- ACTION ITEM -
Copy each line below as written, but skip the pictures.

- GIVEN DATA -

=======

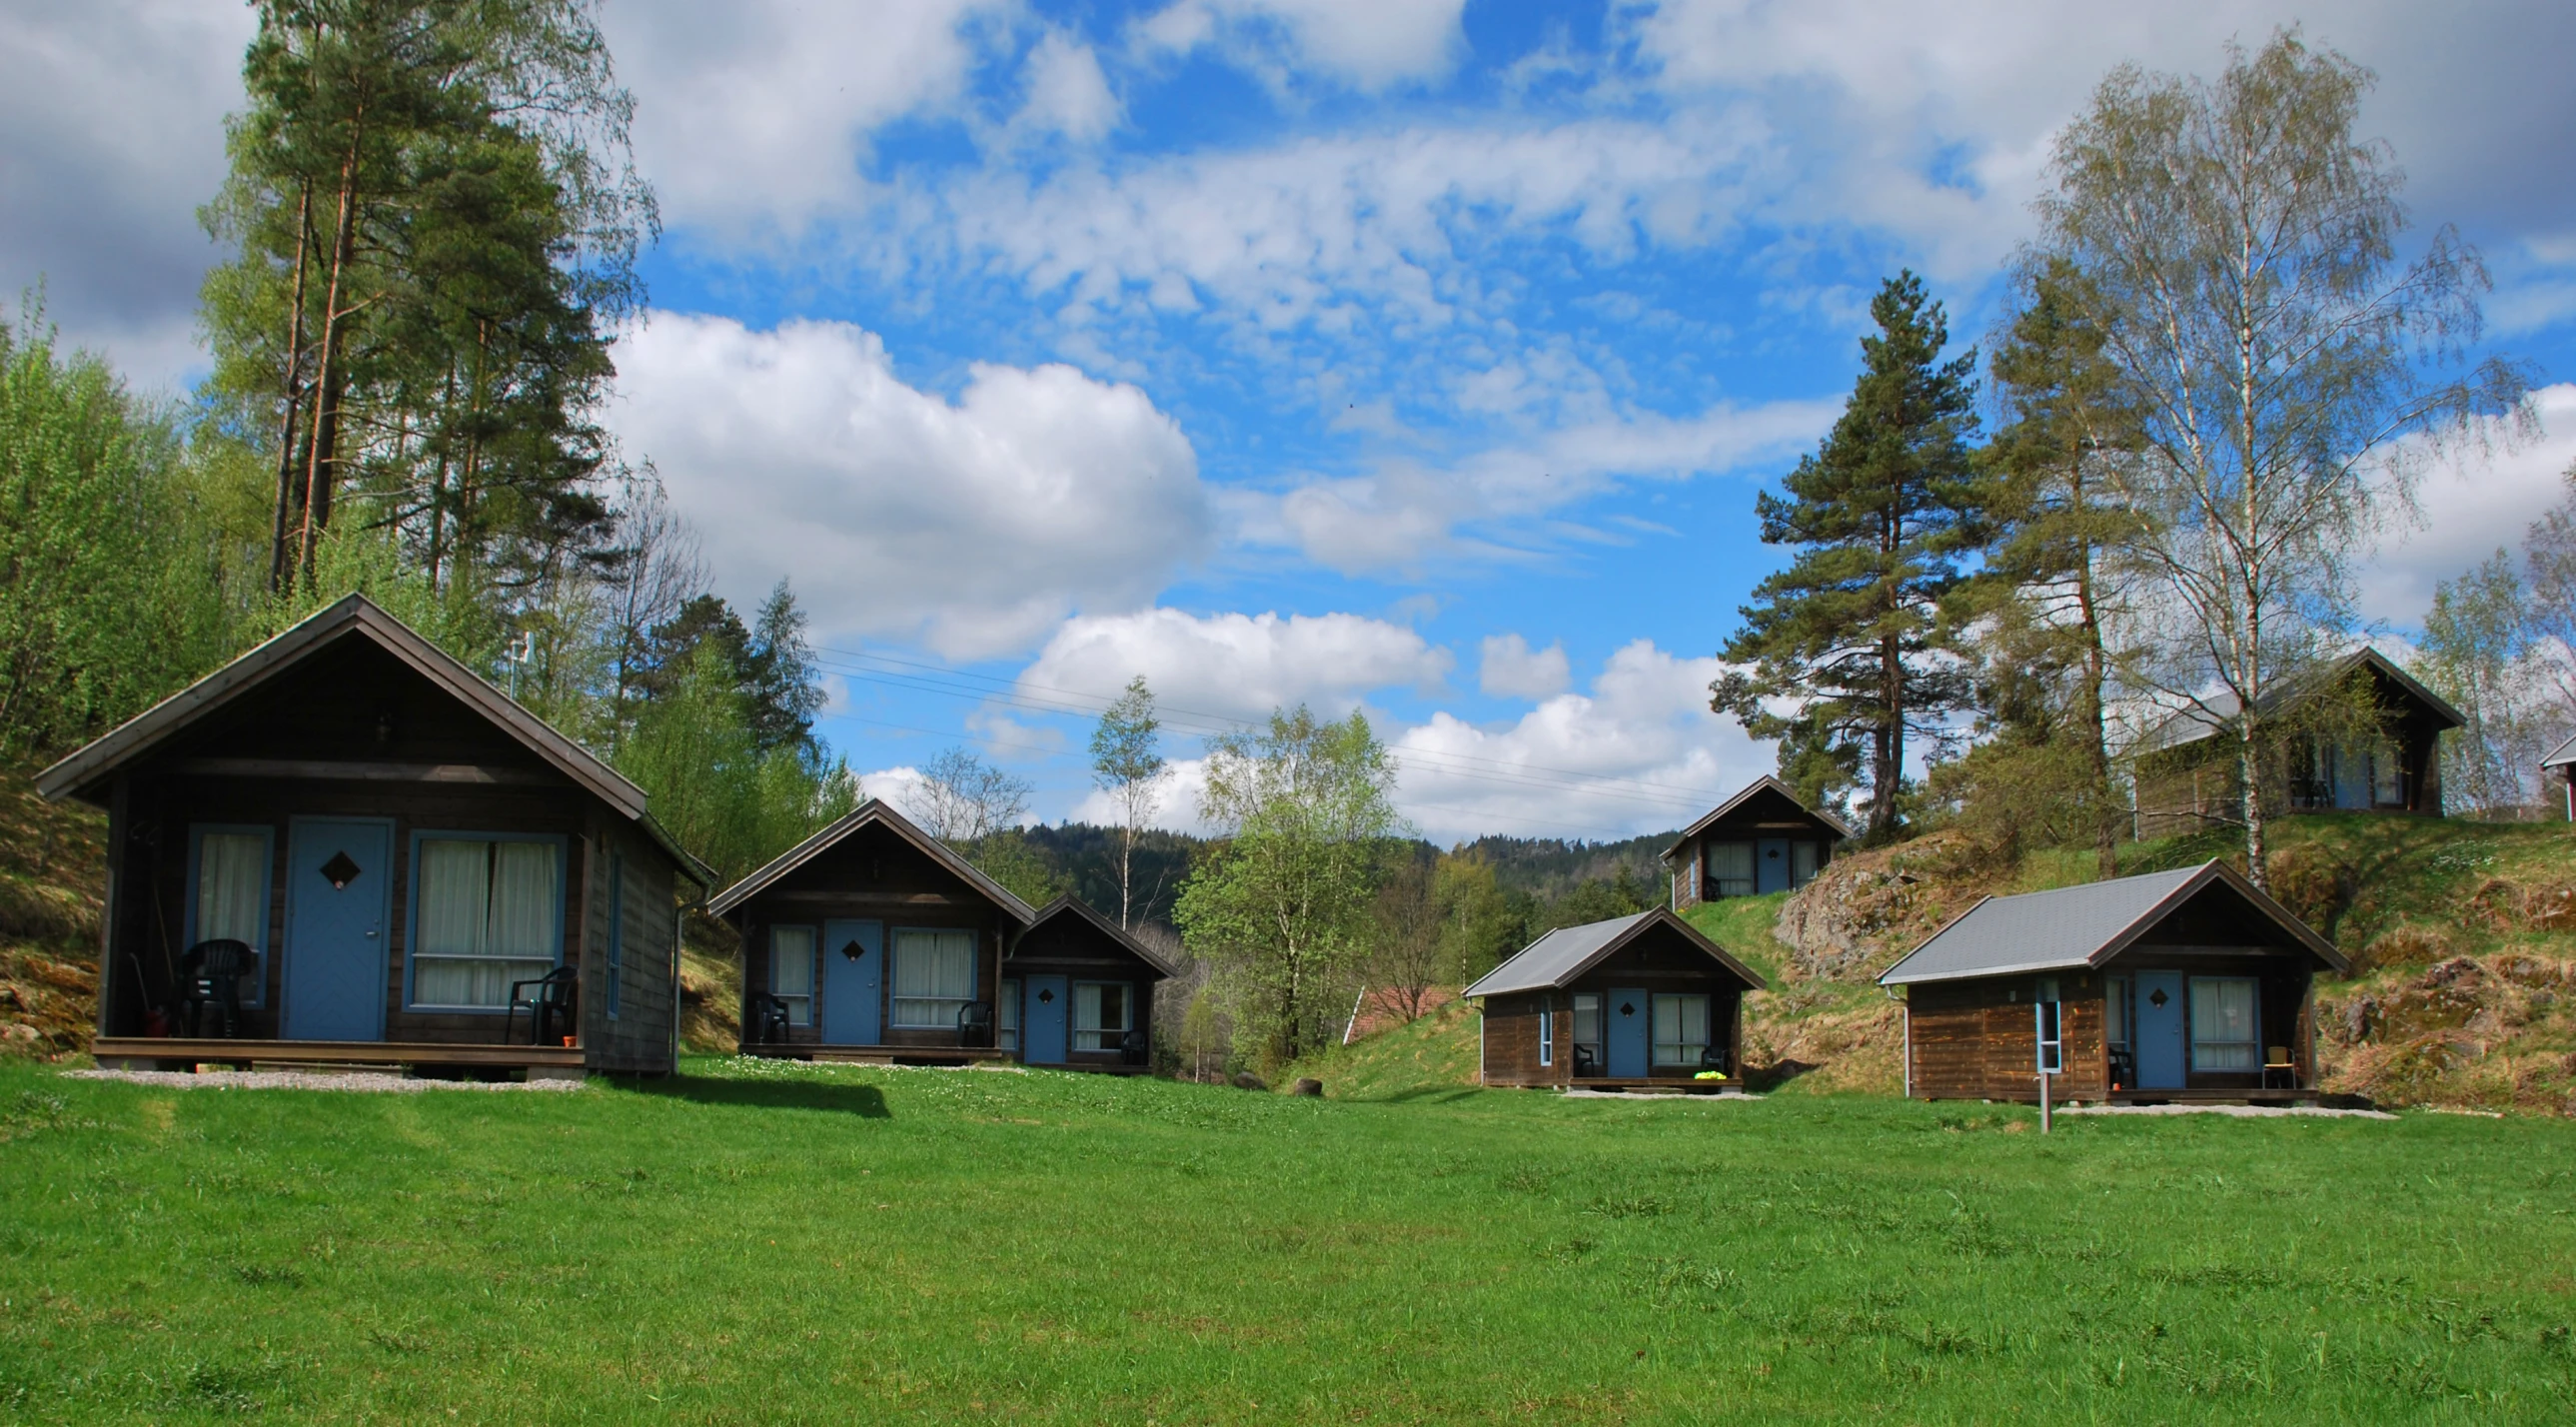 small wooden cabin type buildings in a green field
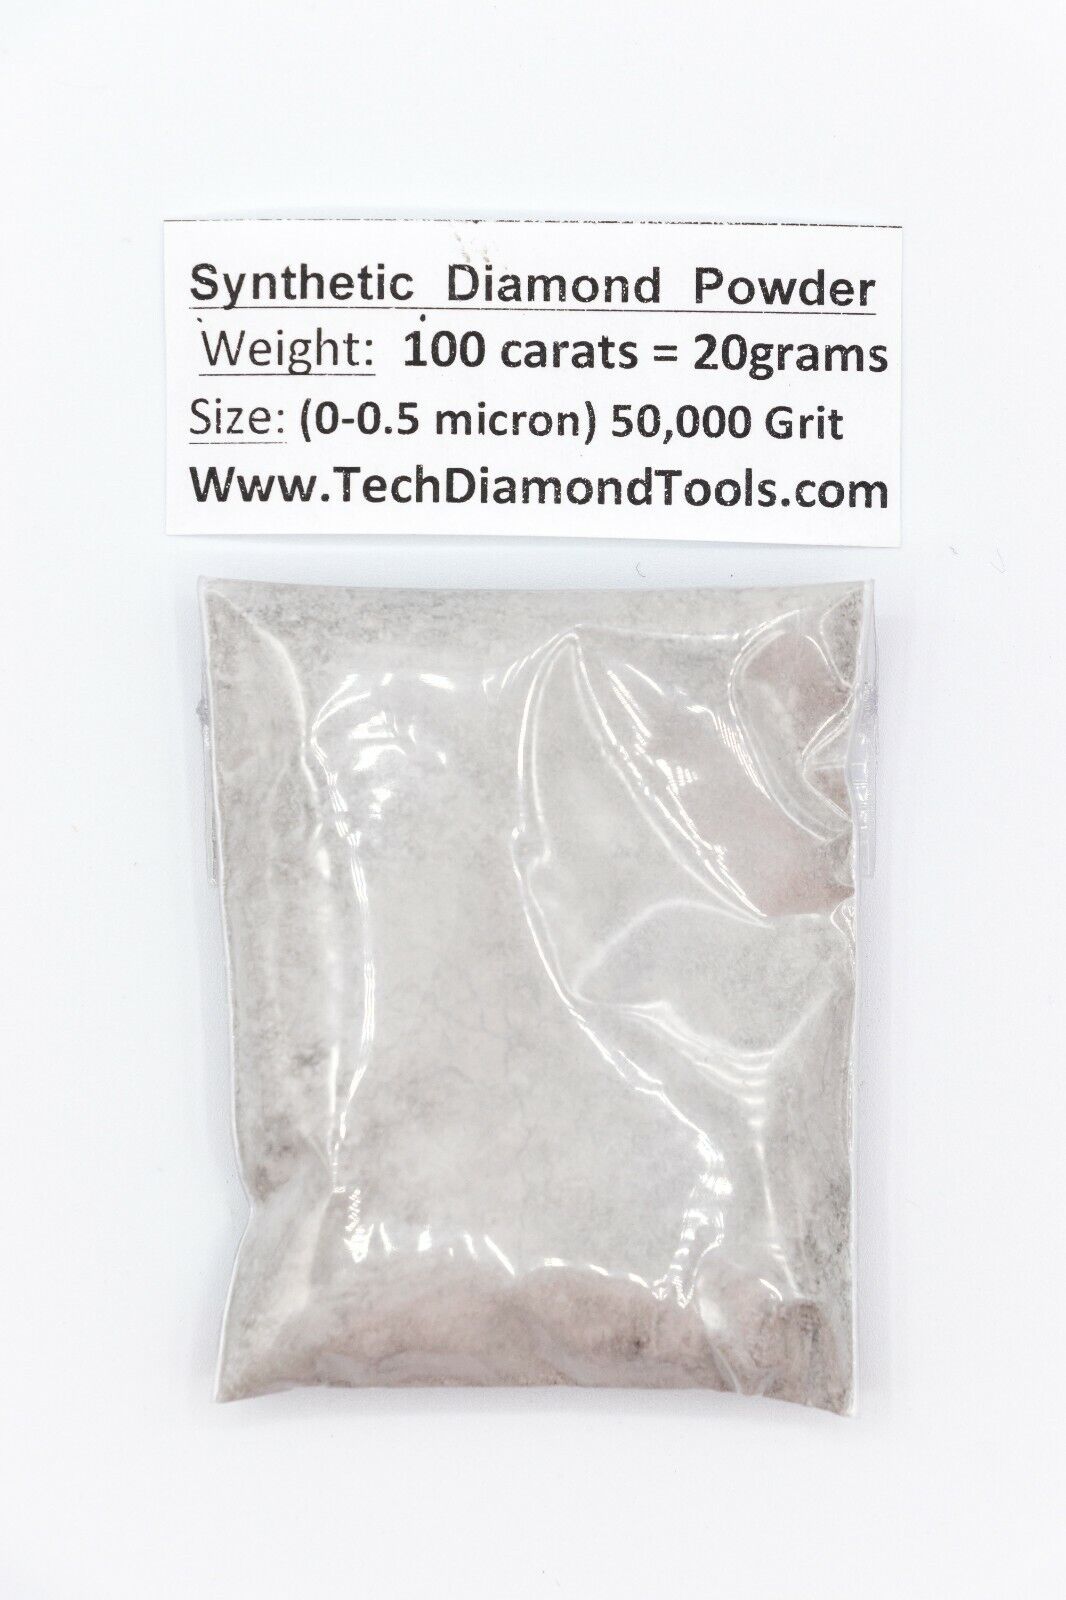 Diamond Micron Powder 50.000 Grit Mesh (0-0.5 Micron) Weight 100 Carat = 20 Gram
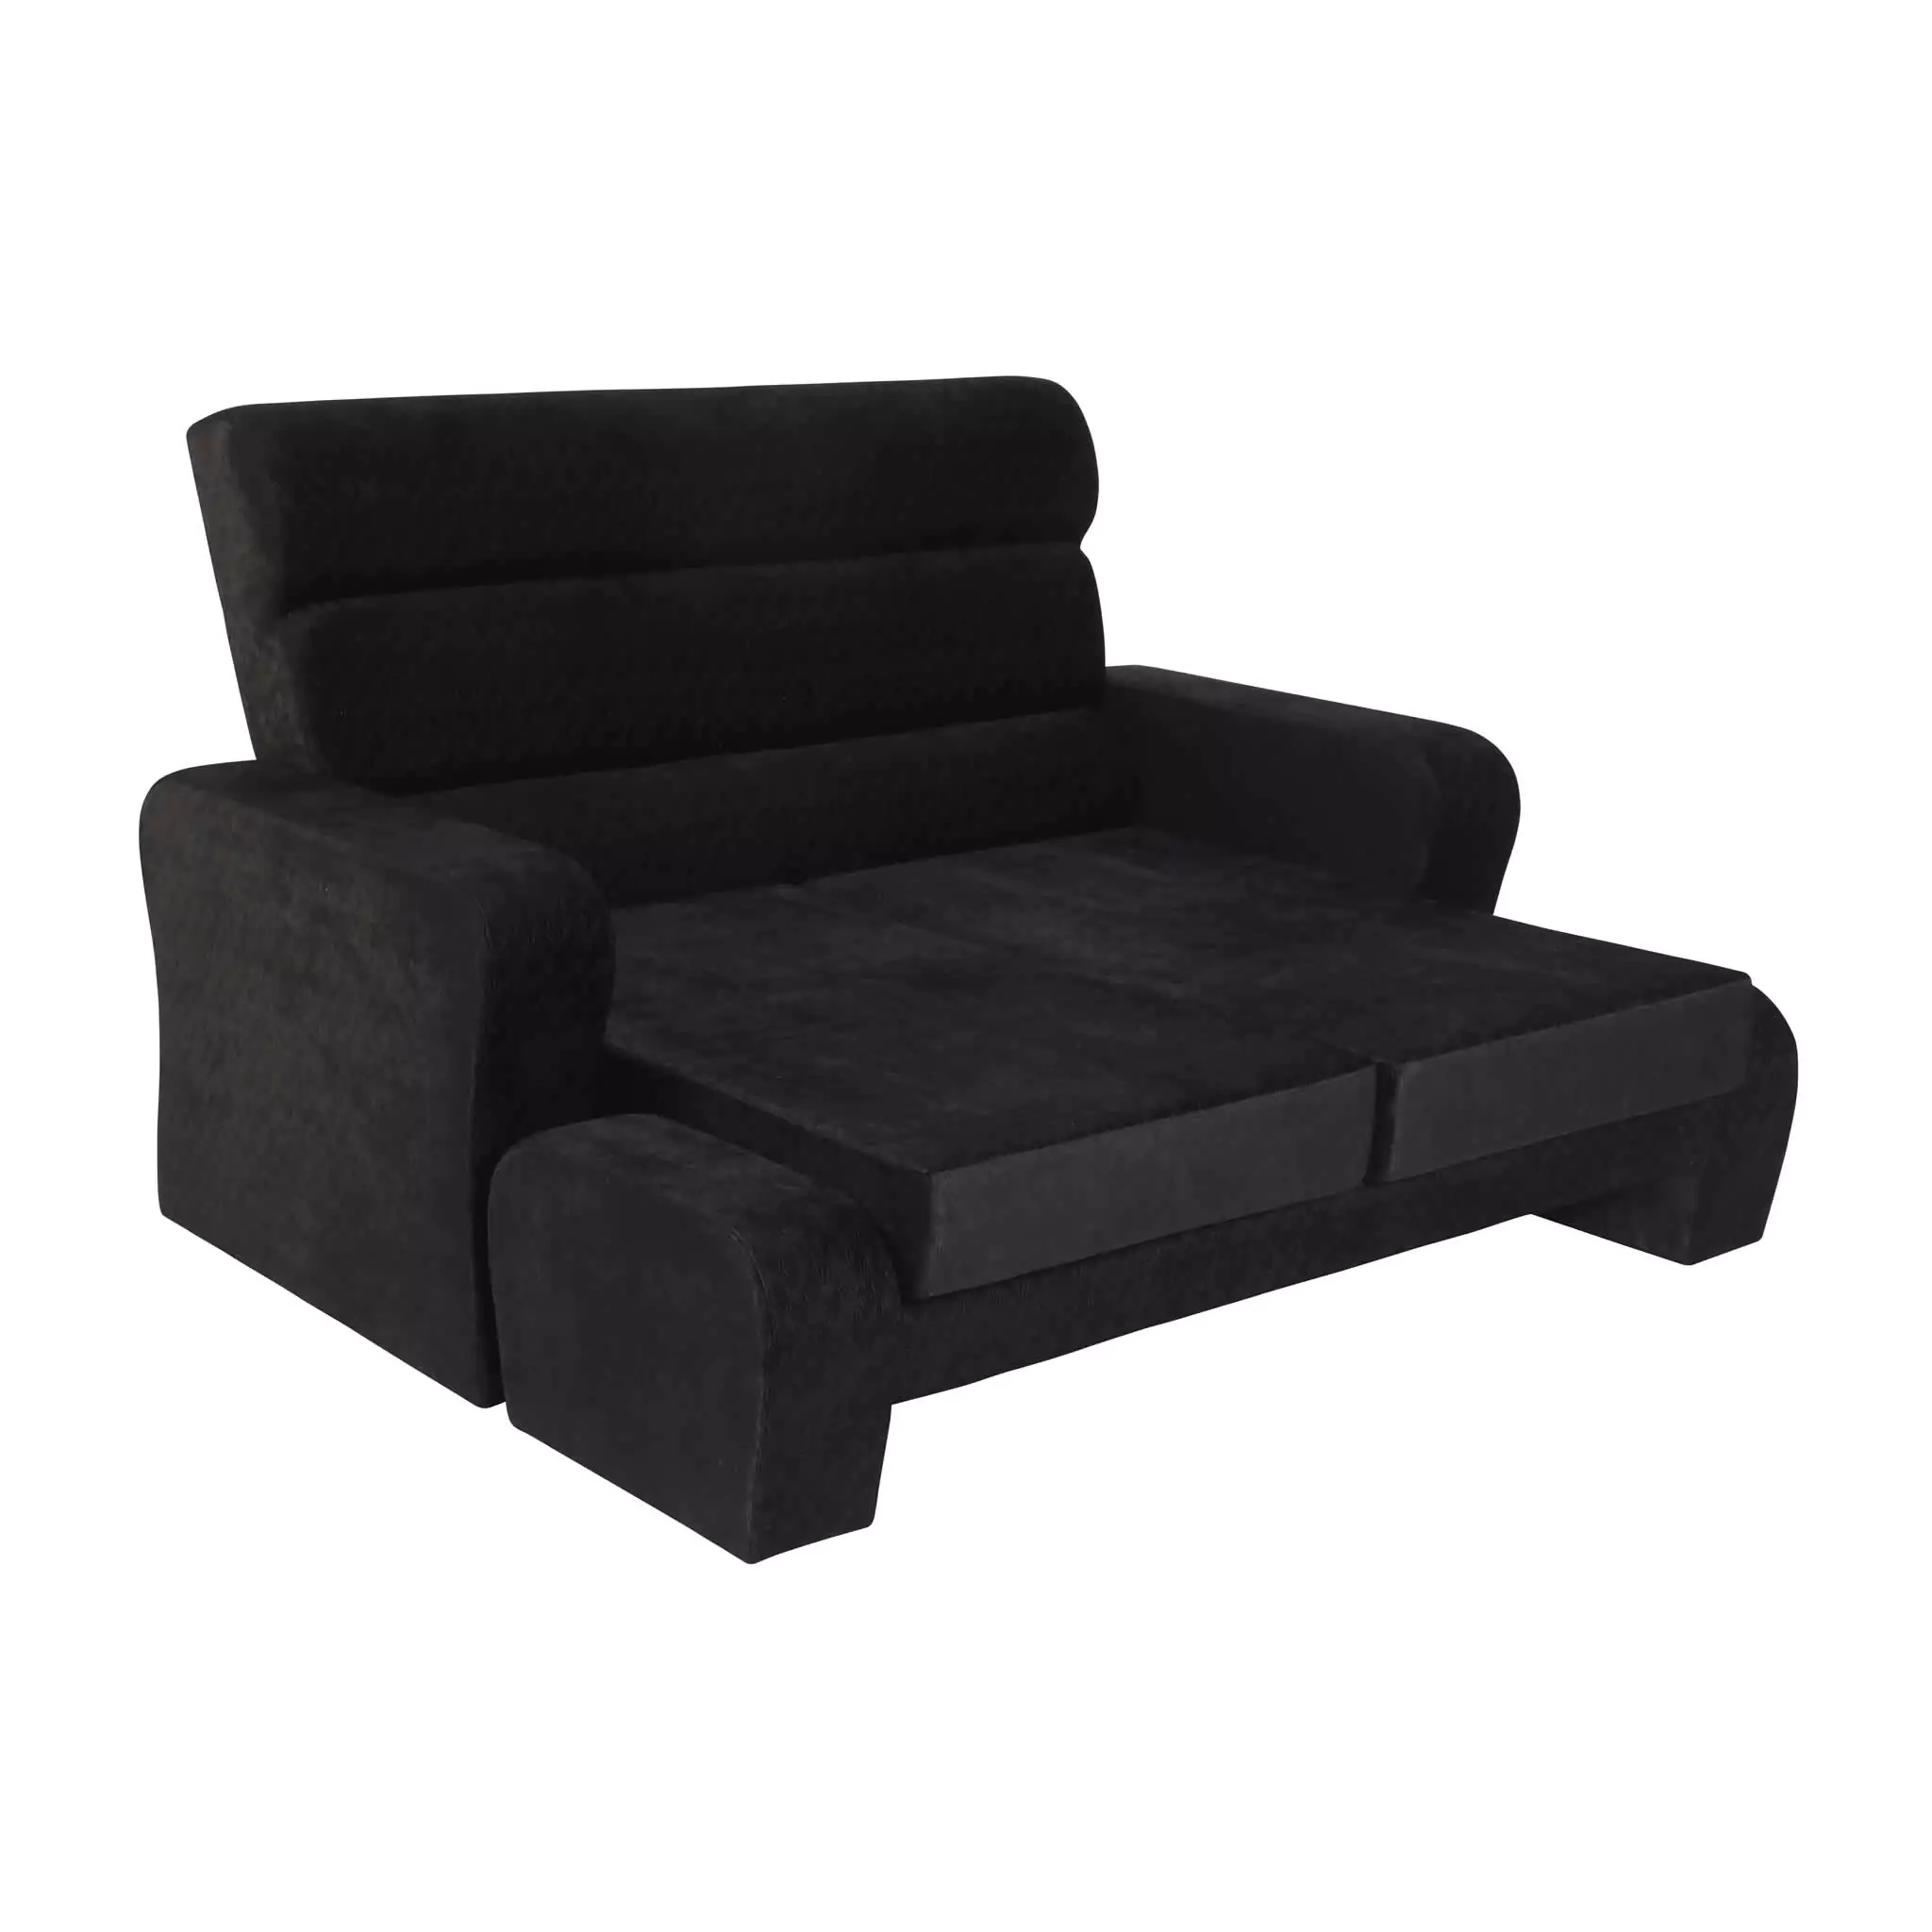 Sofa Model: VIP 01 / 02

=======

- ANSWER BELOW -
 small wooden cabin type buildings in a green field
 Diamond Micron Powder 50.000 Grit Mesh (0-0.5 Micron) Weight 100 Carat = 20 Gram
 Sofa Model: VIP 01 / 02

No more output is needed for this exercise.